Wave Farms and Current Turbines

Will Marine Energy Find Its Place in the American Energy Landscape?

As far as hot topics go, energy is always one of them. From “drill baby drill” to “powering a sustainable future” to “harnessing nature’s energy,” we’ve got power on our minds. Despite shifting regulatory and policy support for renewable energy development and implementation, investment in innovation is growing, technology continues to create new possibilities, and startups are honing prototypes that consider regional needs as much as global targets.

Here in the United States, solar energy development is on the rise, but globally, hydropower is responsible for half of the world’s renewable energy. The ocean is a relatively untapped source of energy production. Harnessing power created by waves and currents, in theory, could generate upward of 60% of the world’s energy. Can marine energy find a place in our American energy landscape?

Goals and Metrics for Renewable Energy Success

If slogans underscore energy goals, then there are a lot of directions we can go. Is net zero the goal? Or, making sure that no region of the United States is overly dependent on another region for energy? We know the movement of water in the ocean is capable of producing a lot of energy, so perhaps we have an obligation to harness known renewable sources. And, if we consider that agriculture is moving offshore, it is reasonable to think that marine energy could be an instrumental component of aquaculture infrastructure. 

Where net zero is the goal, the metrics of economic, social, and environmental impact, and technical variables will flesh out differently than if the goal is simply to supply a typically cloudy, non-solar-friendly, coastal area with renewable energy options. Tidal energy might be the most effective along the coasts of Alaska, but the more ideal cost versus benefit ratio might be along the Atlantic coast or the canals of Florida. Designs that work well in the Pacific Northwest might not hold up against hurricane season along the Gulf Coast.

Developers consider how new technology can bring business to a region and add jobs. They consider how marine life could be impacted by water turbines. How long can a turbine last? Where in the United States is water movement reliable and consistent? Is the method of harnessing water power scalable or only appropriate to one region?  It's these kinds of questions that have presented challenges for the marine energy industry.

Challenges Faced by Wave Farms

Salt is the most obvious challenge when we think about placing machines in the water. Corrosion, rust, and the general breakdown of equipment left in ocean water jeopardize the lifespan of much of this technology, and even startup companies with solid designs capable of converting currents into power have folded under the financial strain of maintaining equipment in saltwater environments.  True durability has been difficult to assess, as most prototypes are tested in wave pools that can’t replicate a bomb cyclone.

Beyond the physical challenges presented by saltwater and severe weather, the marine energy industry has faced financial challenges. Because tidal energy is largely still in the research and development phase, it is considered a high-risk financial investment. And, upfront development costs are high for everything from materials to securing time in wave pool testing facilities to getting equipment out for actual ocean assessment. Integrating new technologies with existing power grids can also be costly.
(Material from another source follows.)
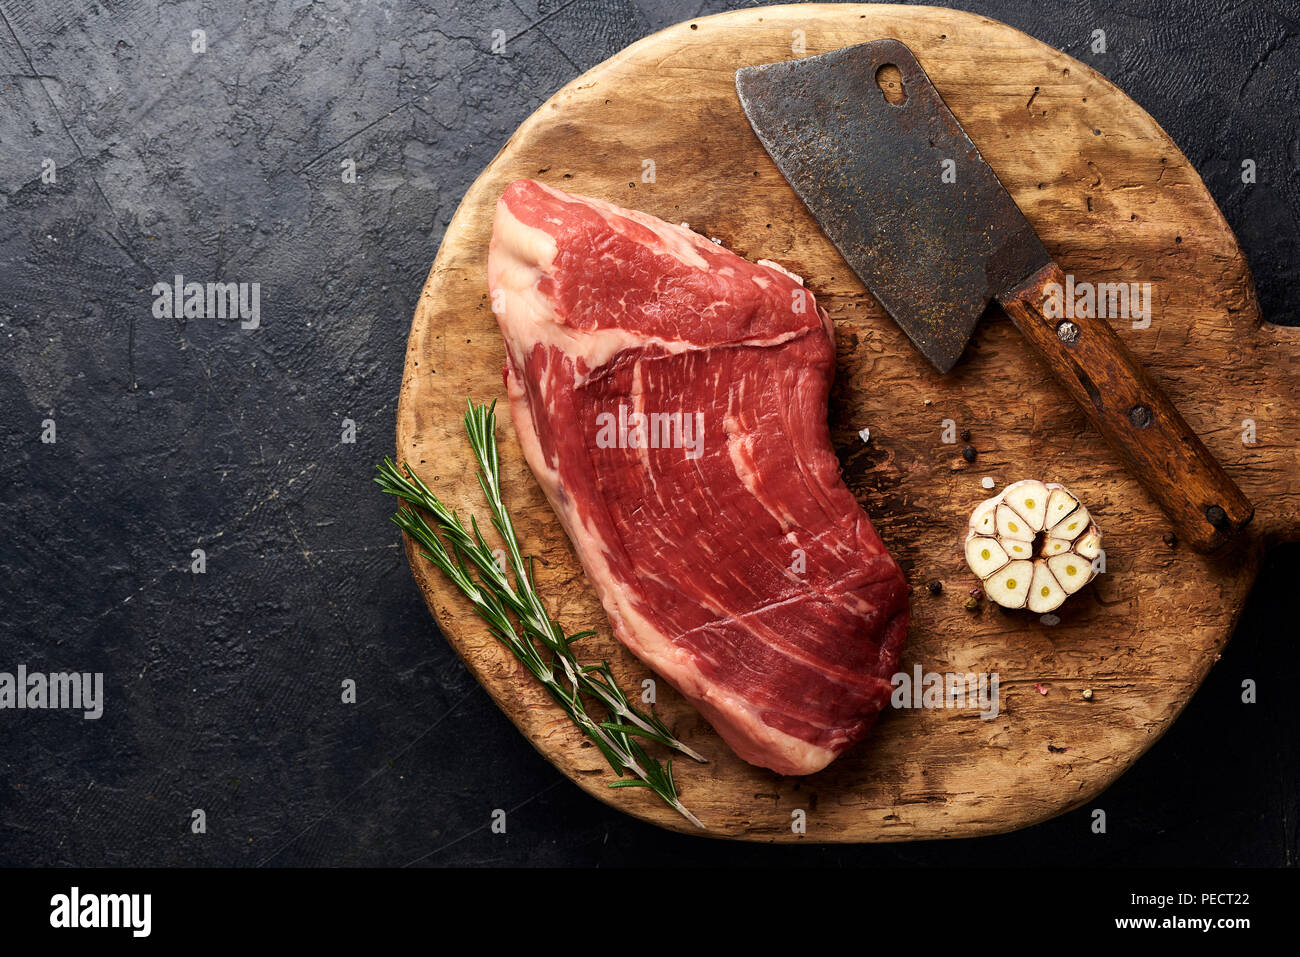 Raw fresh marbled meat Black Angus steak and vintage meat cleaver on wooden board. Meat on black background with rosemary and garlic. Copy space. Top view. Stock Photo
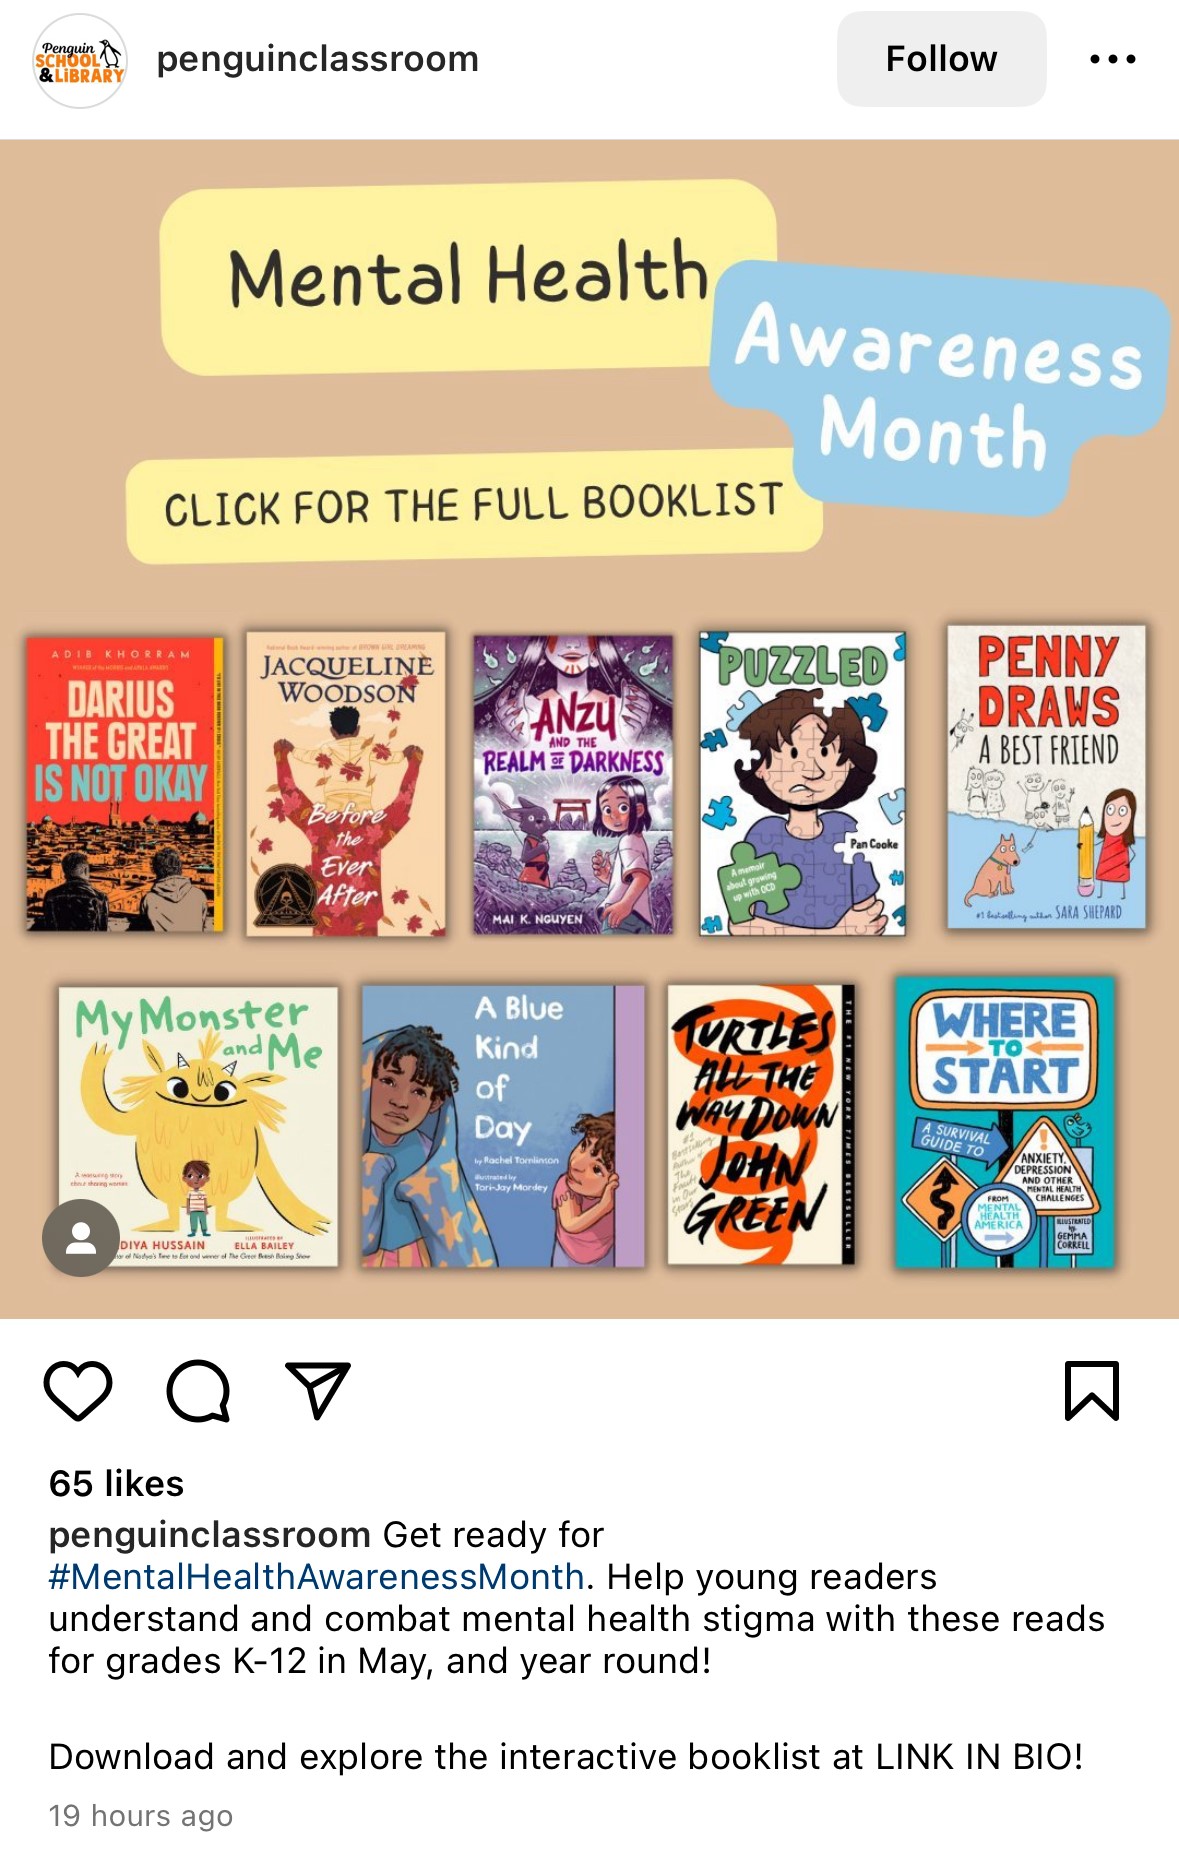 Penguin Classroom shared a social post recommending mental health books for young readers.

Where Will Marine Energy Fit In?

Marine energy may not overtake solar energy here in the United States anytime soon. However, we don’t have to take the perspective of swapping one form of energy for another. Perhaps truly sustainable energy models incorporate multiple sources and leverage both renewable and non-renewable options. 

All over the world, developers are looking at existing offshore wind turbine farms as prime locations for wave farms. Could wind and wave energy both be farmed in the same location? If so, it's possible some of the costly logistical and technological challenges could be streamlined. But, more importantly, the combination could add a layer of security to power grids.

In South Africa, a model combining one wind turbine, five wave turbines, and a diesel generator is having great success. Through the lens of sustainability, this could be an optimized combination that relies on renewable energy but is backed up by fossil fuels.

In Europe, where funding is somewhat fragmented, the industry has focused on leveraging marine energy for small-scale energy needs. Remotely located communities and industries are benefiting from harnessed water power. The goal isn’t to find the strongest power source, but rather, a consistent power source. That puts lakes, rivers, and inlets in the running as potential power sources for non-utility-sized needs.

Japan installed a tidal turbine in its Naru Straight as part of its national goal to decarbonize. The turbine is intended to supply the Goto Islands with electricity. Japan is an ideal location for large-scale marine energy production due to the fact that its coastal currents are consistently strong. Canada, France, and the UK all have similarly ideal regions, which means the British turbine positioned on the Japanese coast has the potential to be usable around the world.

In the United States, the Mississippi River is home to two twelve-foot-diameter turbines that developers believe could operate indefinitely as long as the river continues to run. The turbines have been added to an existing dam structure and integrated into the existing power grid. Unlike ocean currents, the Mississippi is free of corrosive saltwater. Hydropower also made the list of preferred energy alongside geothermal, biomass, coal, oil, and gas. Sourcing energy from water flow made the cut because it has the capability to generate around-the-clock energy 365 days a year.  If reliability and consistency are the most important priorities when considering energy investments, then marine power is sure to make slow and steady progress as it gains a footing in the energy landscape.